Austrian inventor and industrialist

Paul Schwarzkopf (13 April 1886 – 27 December 1970) was an Austrian inventor and industrialist. Schwarzkopf is also credited with pioneering powder metallurgy.

== Career ==
After studying technical sciences in Prague (where he also became active with the Corps Austria, but later left) and Berlin, Schwarzkopf succeeded in inventing the drawn tungsten filament in 1911 in the Italian light bulb factory Lampada Zeta in Alpignano near Turin. This ductile thread was industrially manufactured in 1913 in a company founded by Schwarzkopf and his partner Karl Chvalov in Berlin. During World War I, Schwarzkopf first served in a Bohemian regiment, then went to the reserve officer school in Innsbruck in Tyrol, and then to the southern front.

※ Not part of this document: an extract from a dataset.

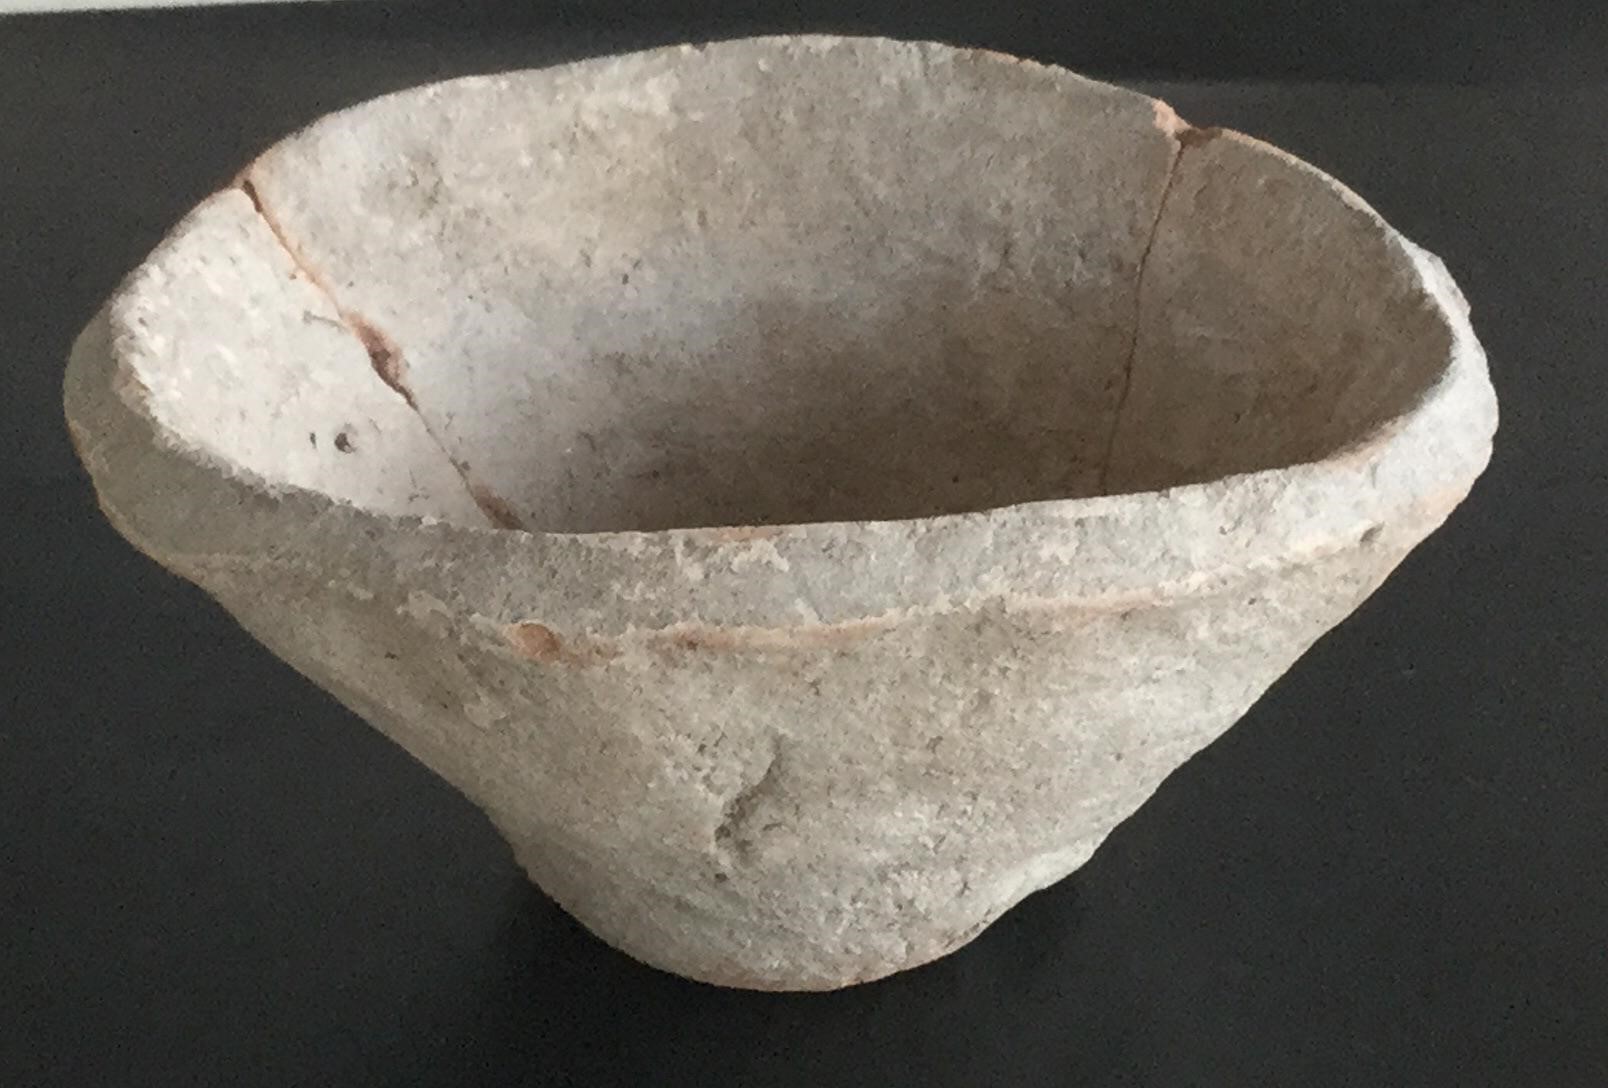 與中精心制作的碗和花瓶相比，烏魯克最常見 的陶瓷制品是粗糙的「斜邊碗」。但其並不像 它看起來的那樣是退步了。烏魯克繁榮昌盛， 它的陶工正忙於創造歷史上第一個批量生產的 物品。//圖片來源：Schauschgamuwa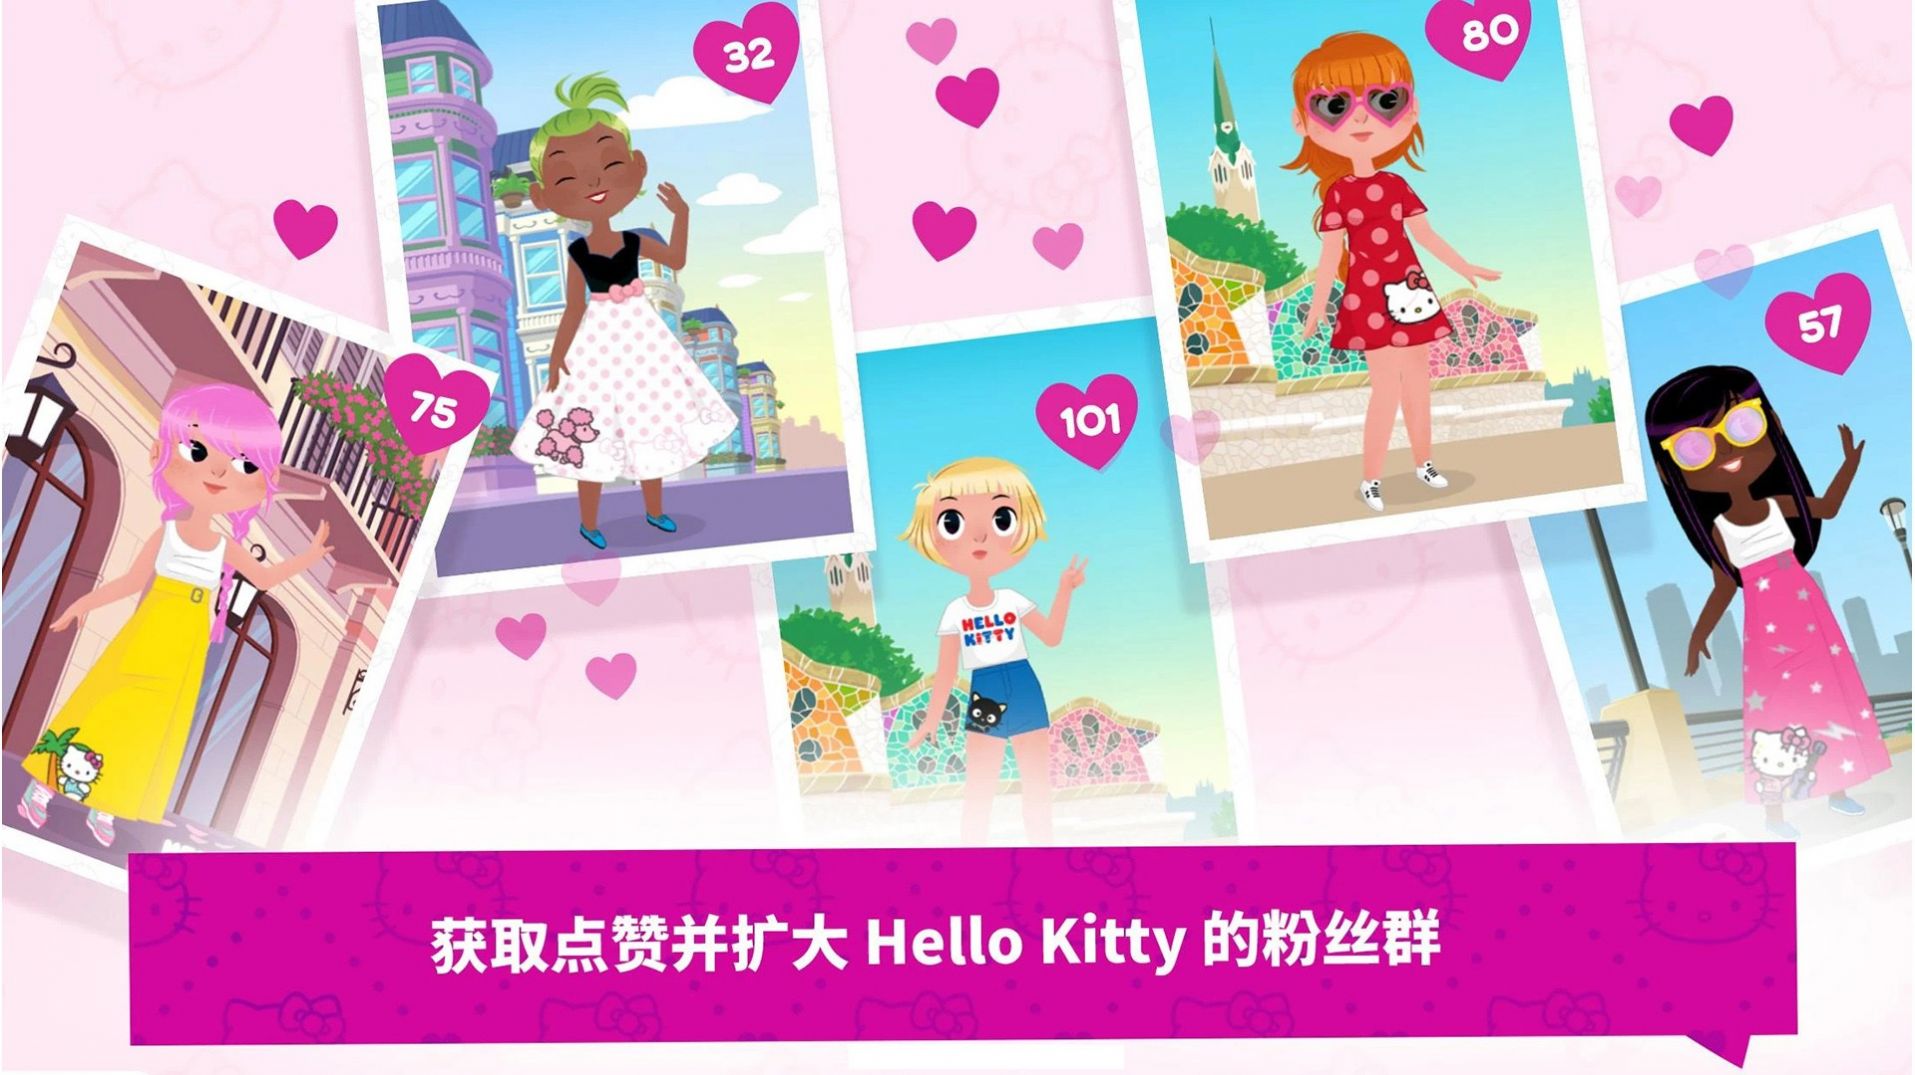 凯蒂猫梦幻时尚店游戏图1

From 1909, he was a partner in the Deutsche Filament Factory in Berlin. In 1920, with his friend Richard Kurtz, he founded the Naamlooze Vennootschap Vereenigte Draadfabricken (NVVD) in Nijmegen, Netherlands for the production of tungsten wire. Thanks to the Reutte lawyer Hermann Stern, in 1922, he persuaded Schwarzkopf to establish the Plansee metal works.

After the Anschluss, his assets were confiscated by the National Socialists, and the Plansee company was aryanized and the ownership was given to Deutsche Edelstahlwerke (DEW). Since he was a Jew, according to the Nuremberg Laws, he had to immigrate together with his family and moved to the USA. In 1947, he and his family returned to Austria and filed a restitution request for the company as well as claims for compensation for the stolen private properties, which was granted in 1952.

== Personal life ==
He married Emma Sophia Gebauer and bore a son, Wilhelm (1907–1954) and son, Hans Heinrich (1913-1991). In 1930, he also married Maria Mondini and they gave birth to a son, Walter Max (1931–1978).

Schwarzkopf died in his home in Reutte in 1970.

== Honors ==

- In 1955, he received the Wilhelm Exner Medal.
- In 1956, he was appointed honorary senator of the University of Innsbruck.